== Data below ==

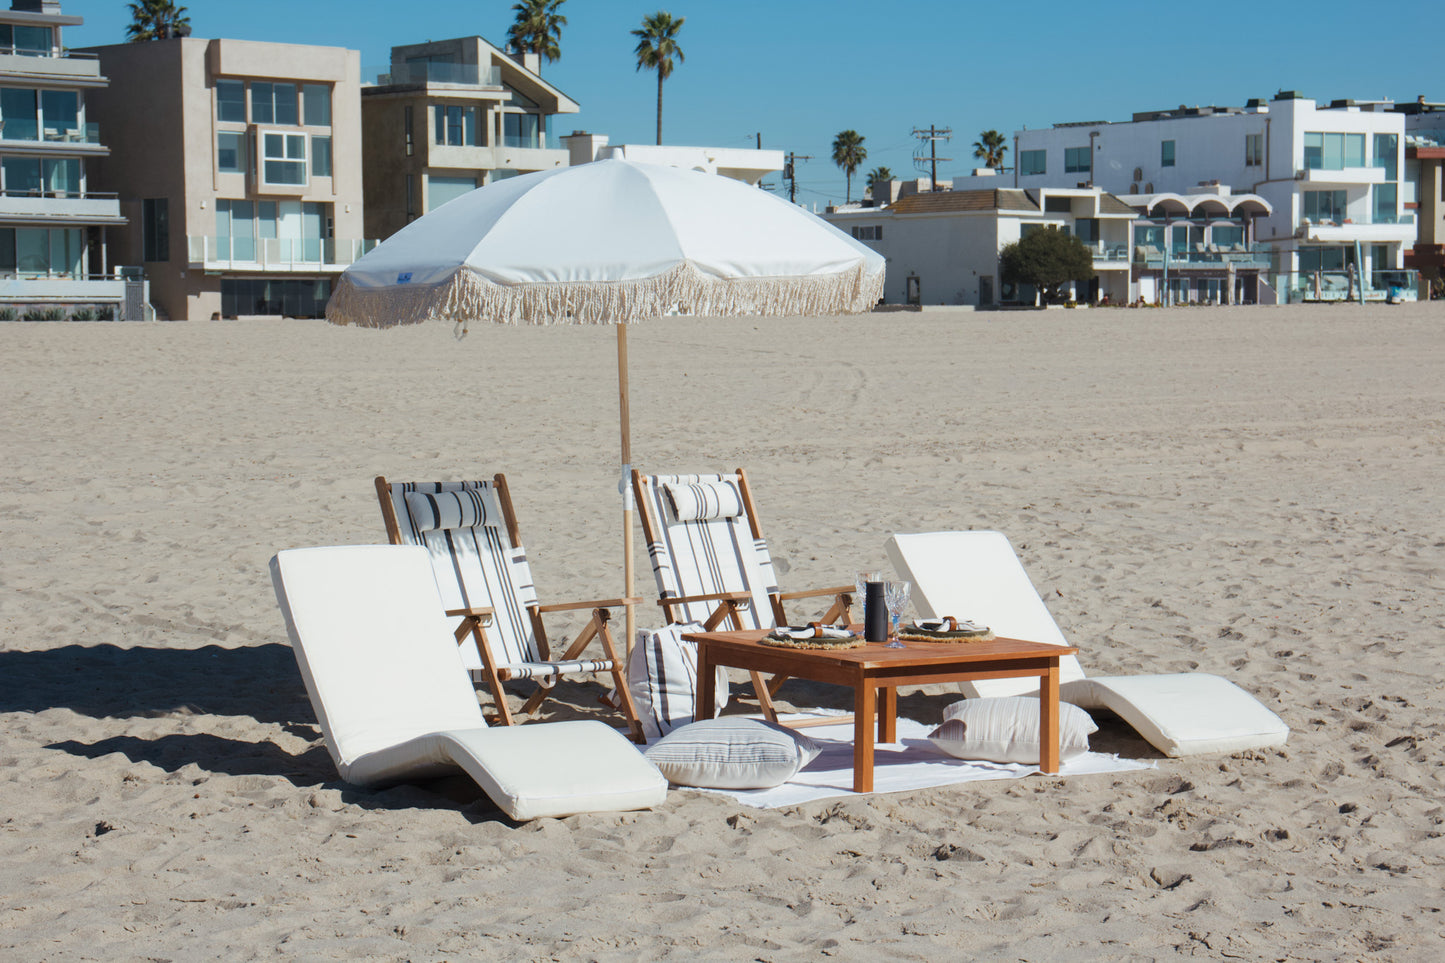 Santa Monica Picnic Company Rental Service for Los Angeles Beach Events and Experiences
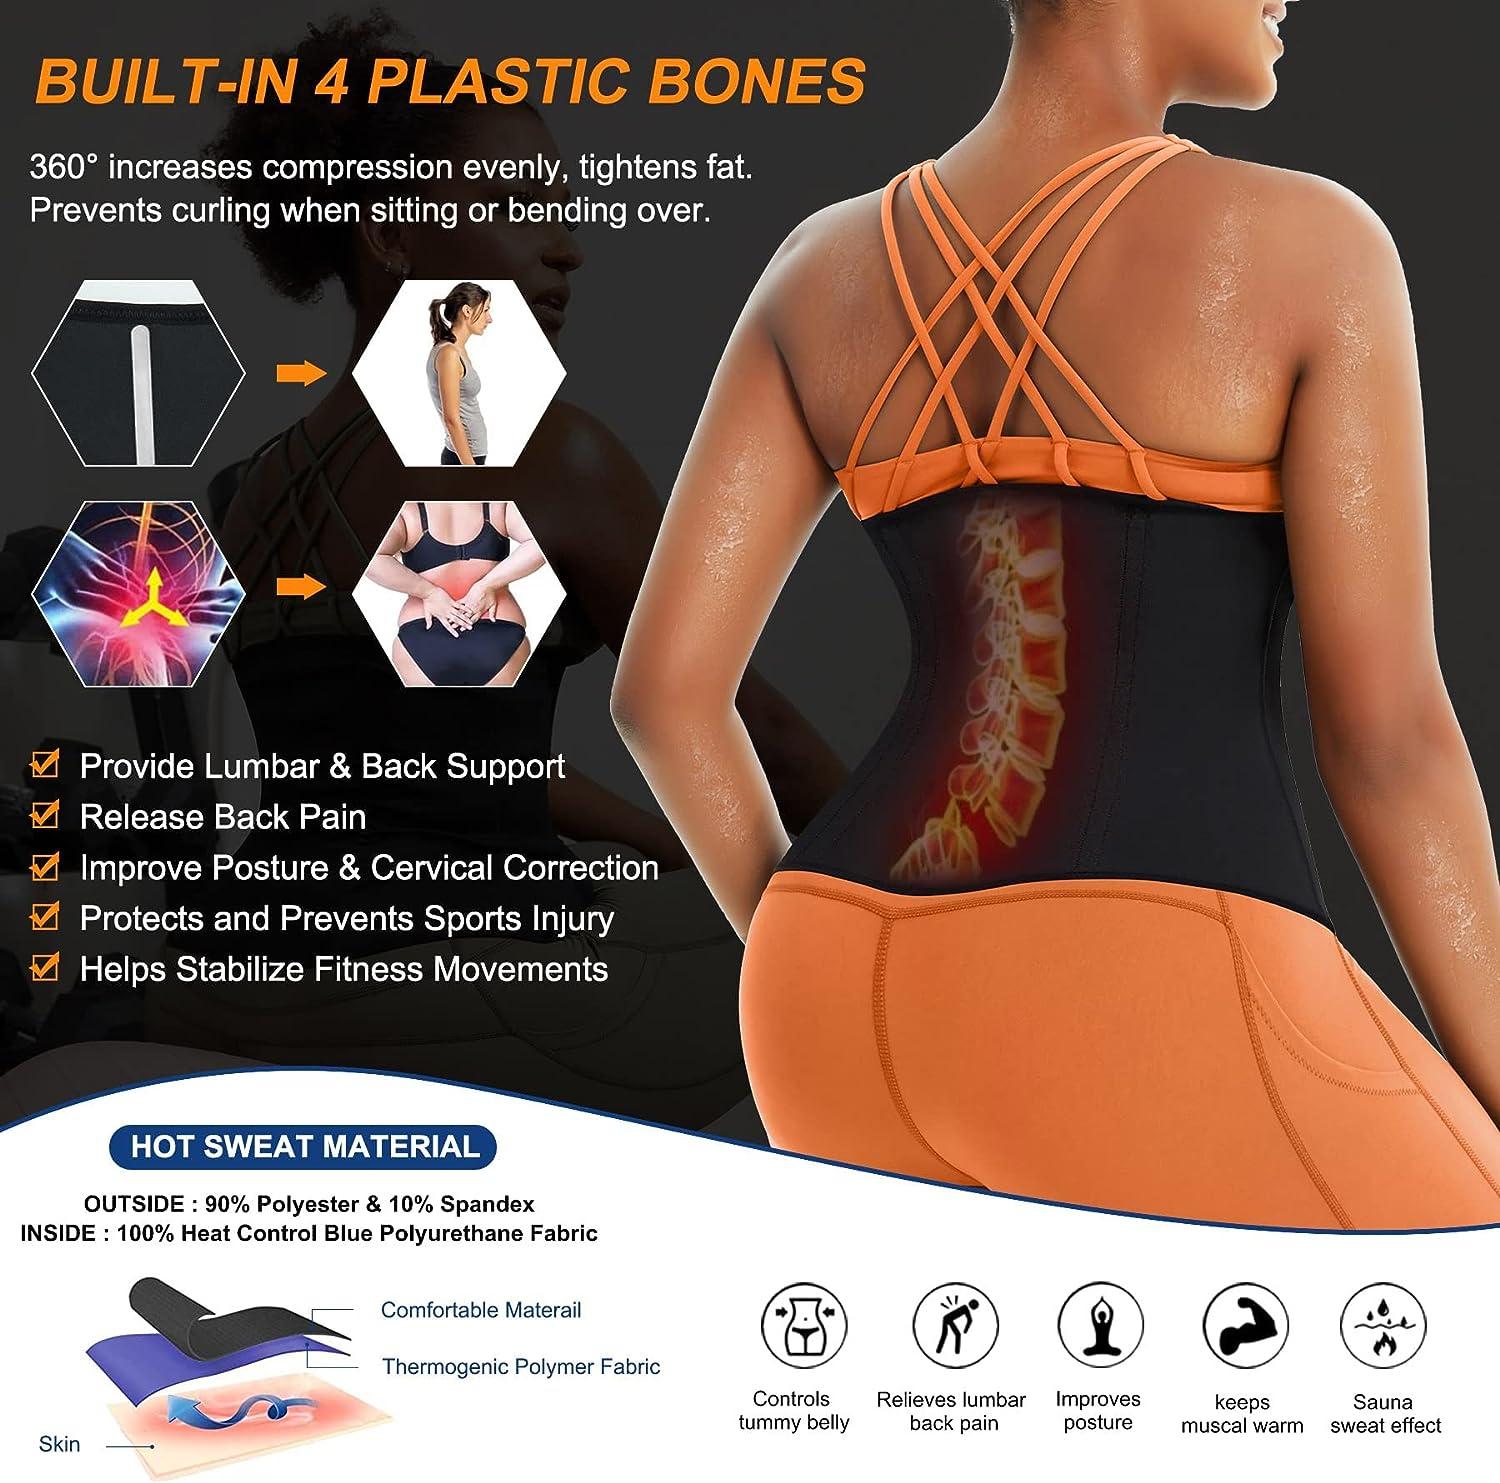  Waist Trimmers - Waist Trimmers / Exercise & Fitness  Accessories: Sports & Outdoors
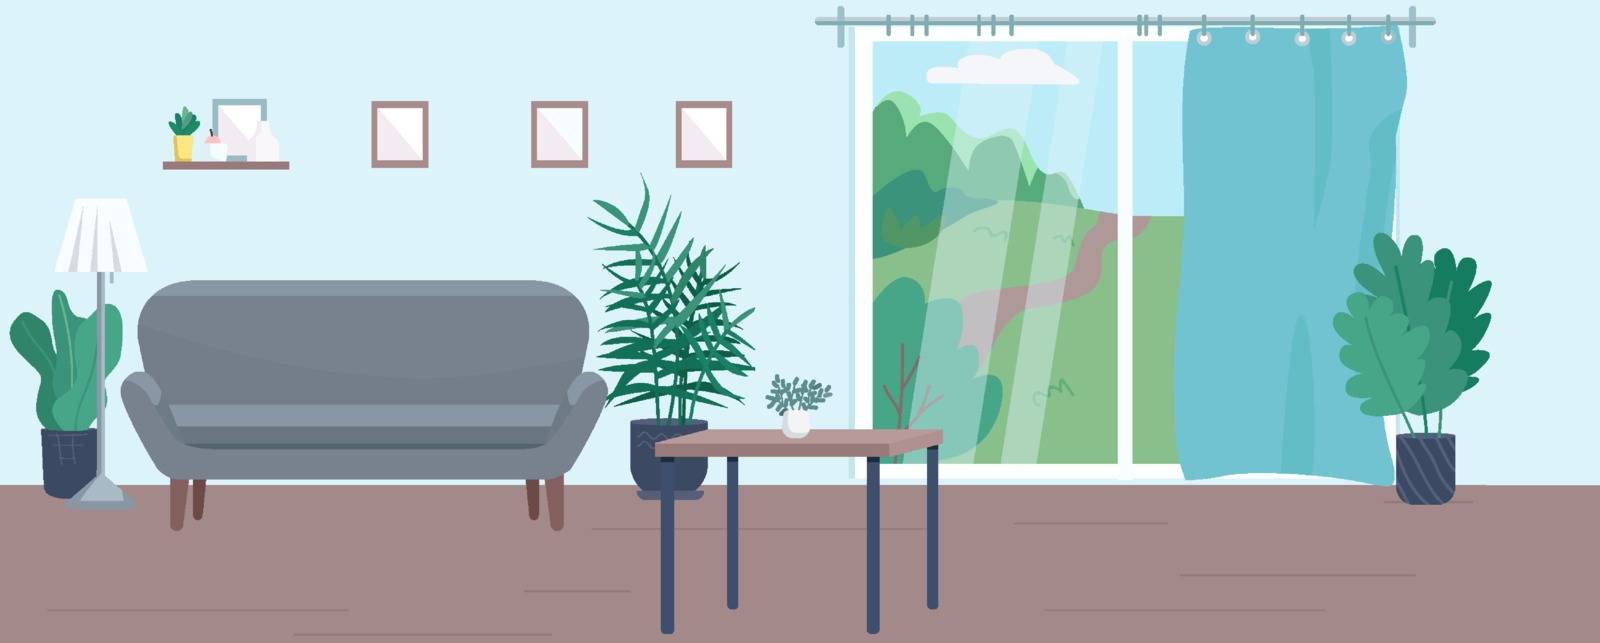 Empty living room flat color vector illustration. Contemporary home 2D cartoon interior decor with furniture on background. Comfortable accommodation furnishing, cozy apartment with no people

===

• Exercise aim: Copy the listing exactly. Leave the pictures out.

• Task result:
 Santa Monica Picnic Company Rental Service for Los Angeles Beach Events and Experiences
  Waist Trimmers - Waist Trimmers / Exercise & Fitness  Accessories: Sports & Outdoors
 Empty living room flat color vector illustration. Contemporary home 2D cartoon interior decor with furniture on background. Comfortable accommodation furnishing, cozy apartment with no people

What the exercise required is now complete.